Sentence 3 (second part)

และปฏิบัติธรรมเท่าที่สามารถจะทำได้ในใจนั้นเฝ้าแต่คิดว่าคงจะได้พบกับชาวพุทธเข้าสักวันหนึ่ง

Google:
and practice as they can do but keep in mind that think that would be found to be a Buddhist one day.
PT:
and practise the Dhamma to the best of my ability. I keep these in mind, thinking that I might yet some day get to meet with other Buddhists.

Comments:

  • I found this a difficult clause and am not really sure about the translation.
  • Google’s clause is all over the place
  • Google again fails to translate the key word of ธรรม

As you can see, at present Google’s rendering is very variable, not coherent, and doesn’t make much sense. It seems to chop up sentences and make clauses into short sentences, giving a staccato effect! I’m guessing that Thai is not one of its stronger languages.

Evaluation

I have found that the most helpful translation tool is Thai2English and I copy chunks of Thai there. It gives meanings and phonetic transcriptions word by word, together with help concerning Thai grammar. Occasionally it also fails to chunk correctly and sometimes lacks some vocabulary, but most of the time is does a good job so that where there are doubts or blank spaces, I have often found that there are typographical errors in the original text (or mistakes in the OCR/copy typing).

Google Translate is quick and useful for giving some features, but it’s not fit for translating anything substantial. I’ve found that close-reading is required, for which Thai2English, supplemented by another electronic dictionary – here Lingvosoft – is far more productive.

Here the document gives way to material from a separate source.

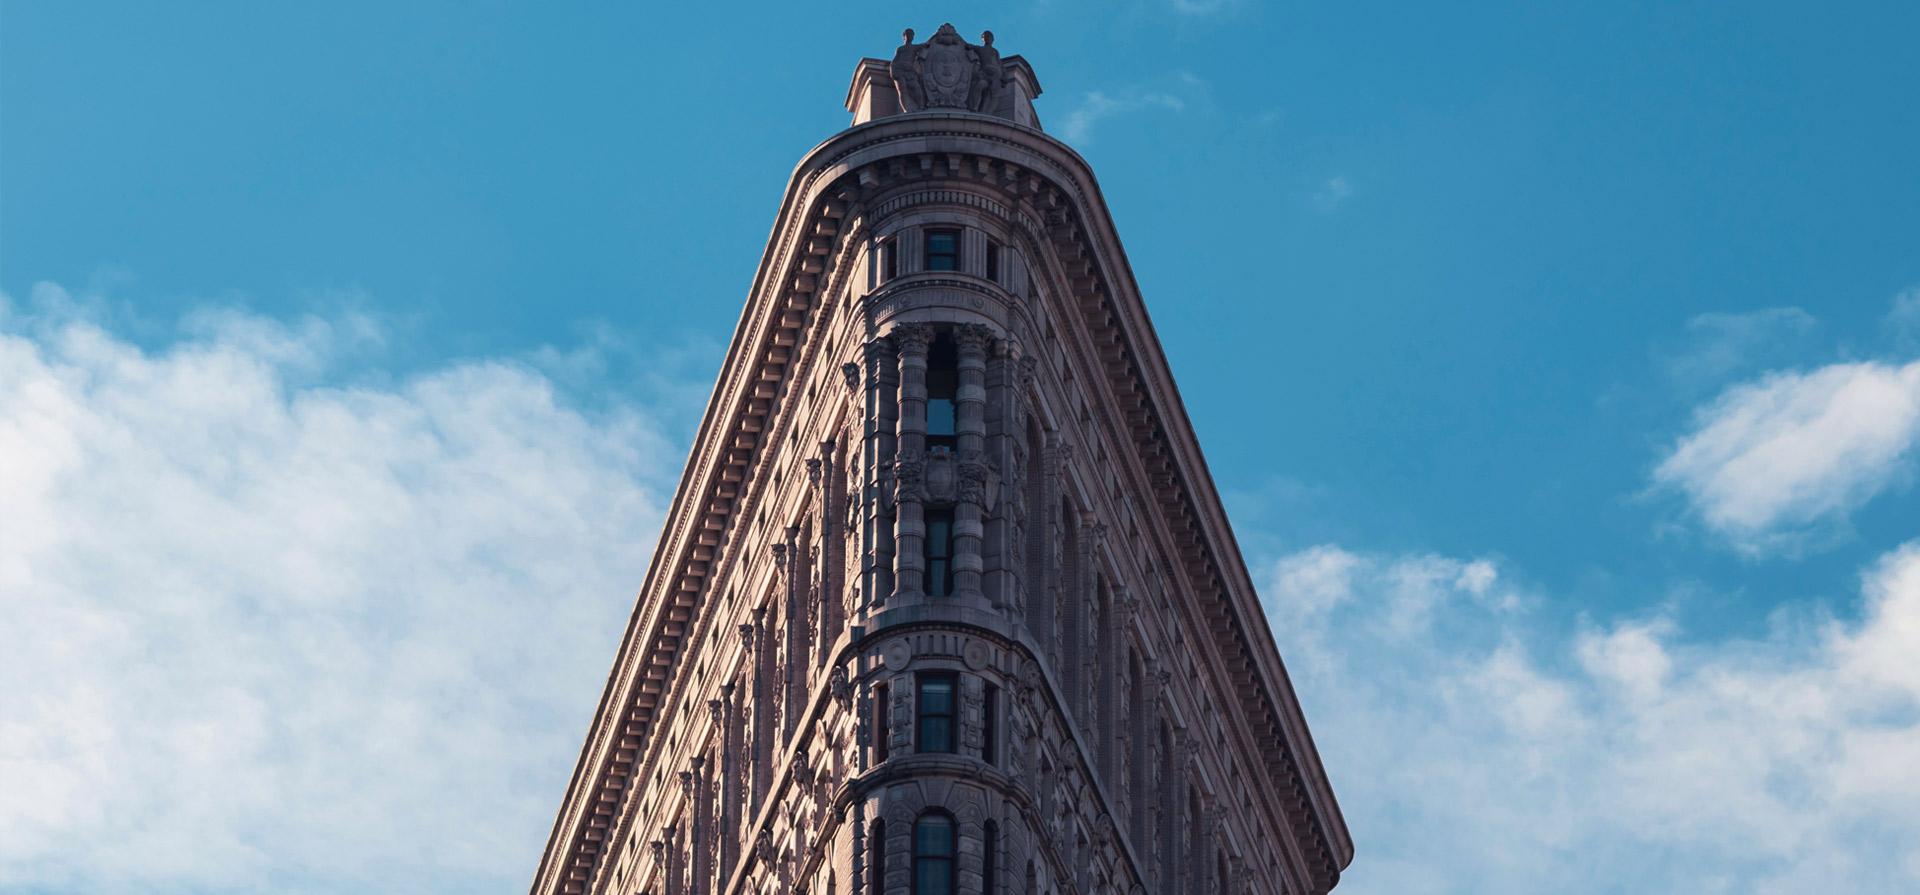 Visionet opens digital design center in Flatiron District, NYC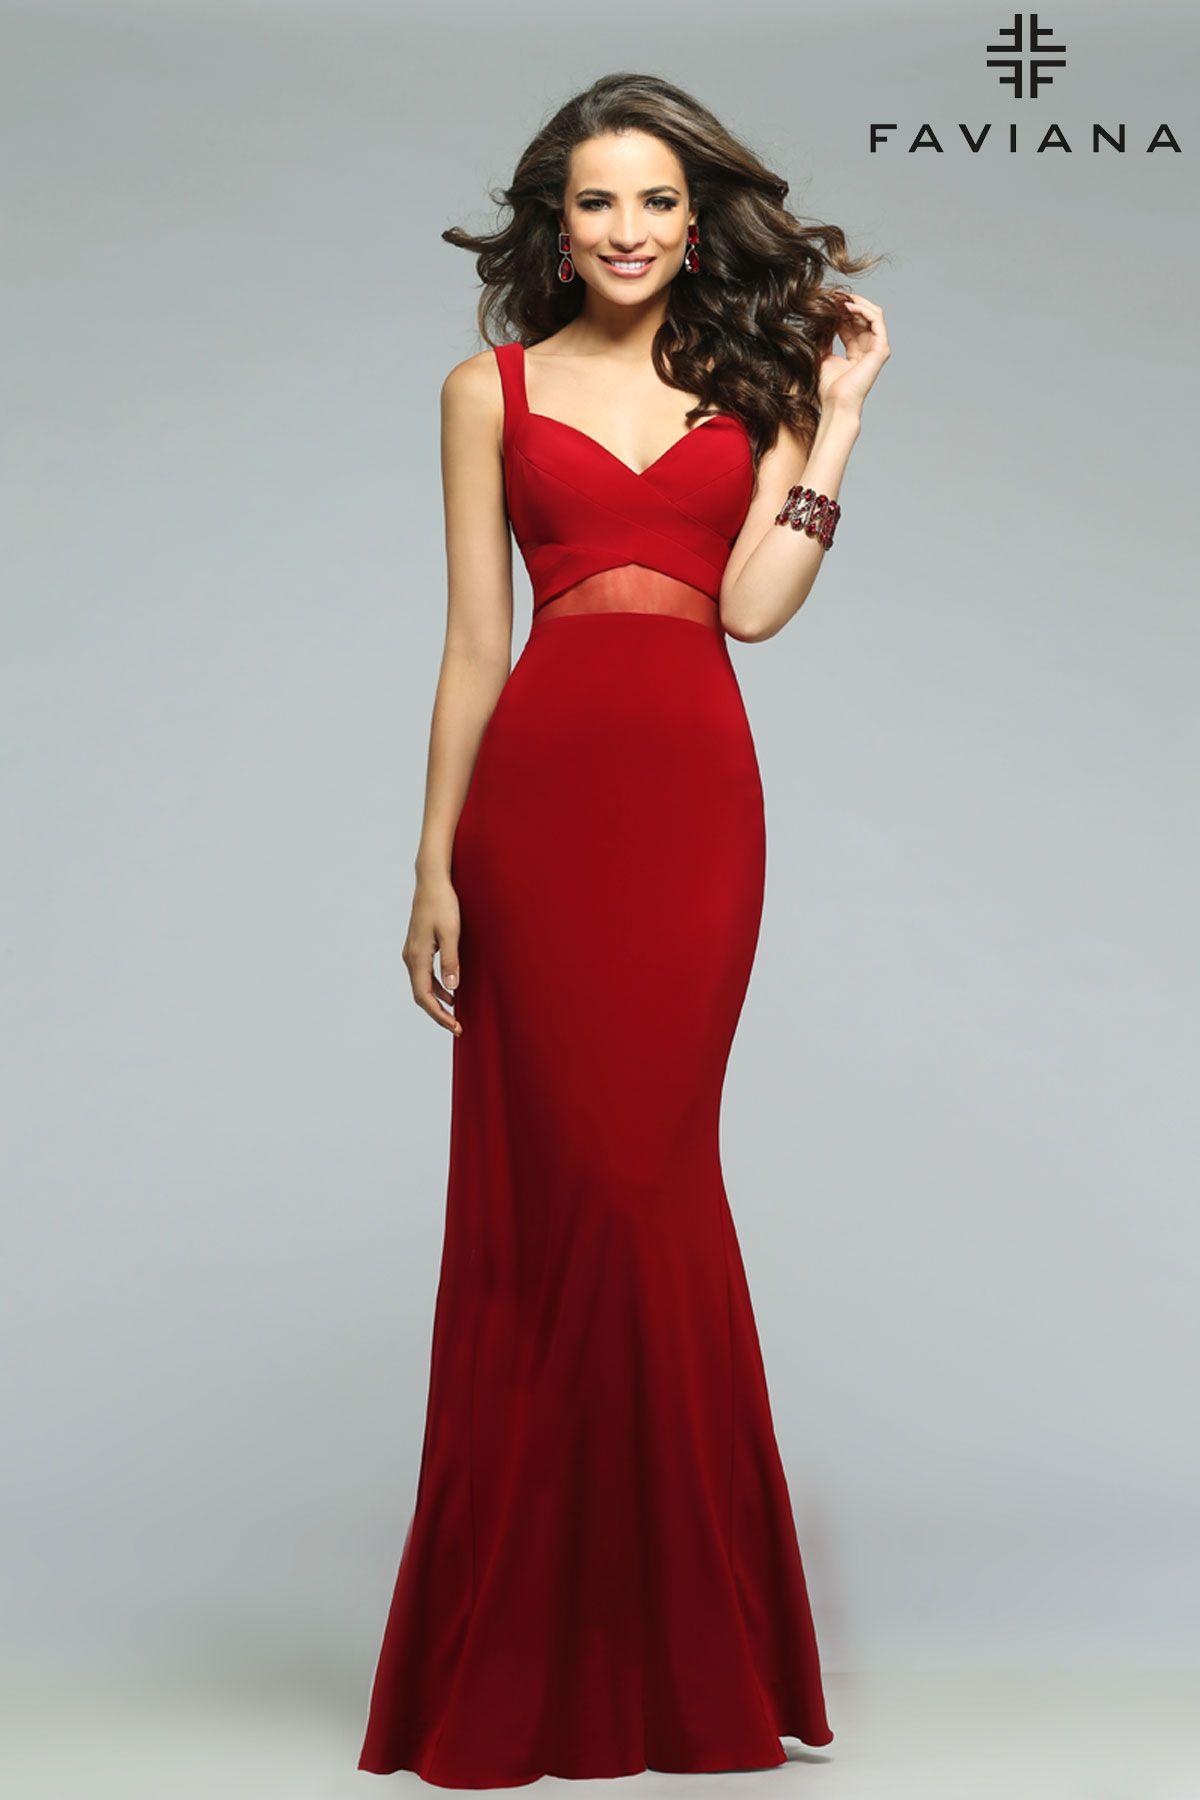 f2c9a0c22 Los vestidos rojos ademas de lindos,solo sexys❤ | ami | Egresados ...

Whilst Google struggles to provide accurate translations, it does provide a very useful template structure for working on documents: it splits up translations into bite-sized segments of Thai followed by English. At the moment I don't pay too much attention to its translation, but retain it whilst I’m working since sometimes it does offer useful clues. I'm sure that it will improve quite rapidly as it's an important project for them.

At the end of the day the notice pinned onto the board would be: "All translations may be subject to change!"

Sunday, March 21, 2010

Translating Thai: Some Experiences of Digitisation

Is it possible to produce a reasonably accurate translation from Thai into English with only a basic knowledge of the language and the aid of electronic tools? I’m not going to make great claims as my experiences are from home-grown experimentation over a few months. However, having recently completed a few translations, I think there are promising signs. At least I’m quite satisfied with a translation of my mother's article concerning Buddhism in Hampshire in the '60s, which runs to about 2,000 words. So there may be some pointers that others find helpful.

Setting this post in the context of biographical research, I’ll first describe some broad considerations and then discuss digitisation (scanning and optical character recognition). One tip I’d offer is that there needs to be attention to detail – rough and ready methods won’t yield very much that's of value. Certainly, there’s been more involved than I anticipated!

I’ll start with a list of very basic questions - as much for my own benefit as anyone else’s :-)

  • What are you trying to learn? Why is it significant? Even when carrying out research entirely in one’s native language, time often forces choices with regard to the materials that you examine closely. If they are in a foreign language, then that imposes further constraints.
  • Is there anyone who can help? It may be that you can effectively form a team.
  • Of the materials available, which ones are going to shed most light in key areas?
  • Among these materials, which ones are amenable to analysis? Are they easy to access physically? Are they printed or hand-written?

All these points apply to any language, but then each language has further characteristics that can make the situation more or less difficult.

With regard to Thai, its alphabet (44 consonants and 28 vowel forms) is much more elaborate, particularly with the use of diacritics. Even Thais will tell you that looking up words in a dictionary can be quite a chore. Yet, if the letters are clearly formed then actually reading it is not so hard because it’s generally phonetic. As someone with a limited vocabulary, needing to look up many words, I soon decided that it’d be much more convenient to have an accurate transcription in electronic form so that I can use software-based dictionaries.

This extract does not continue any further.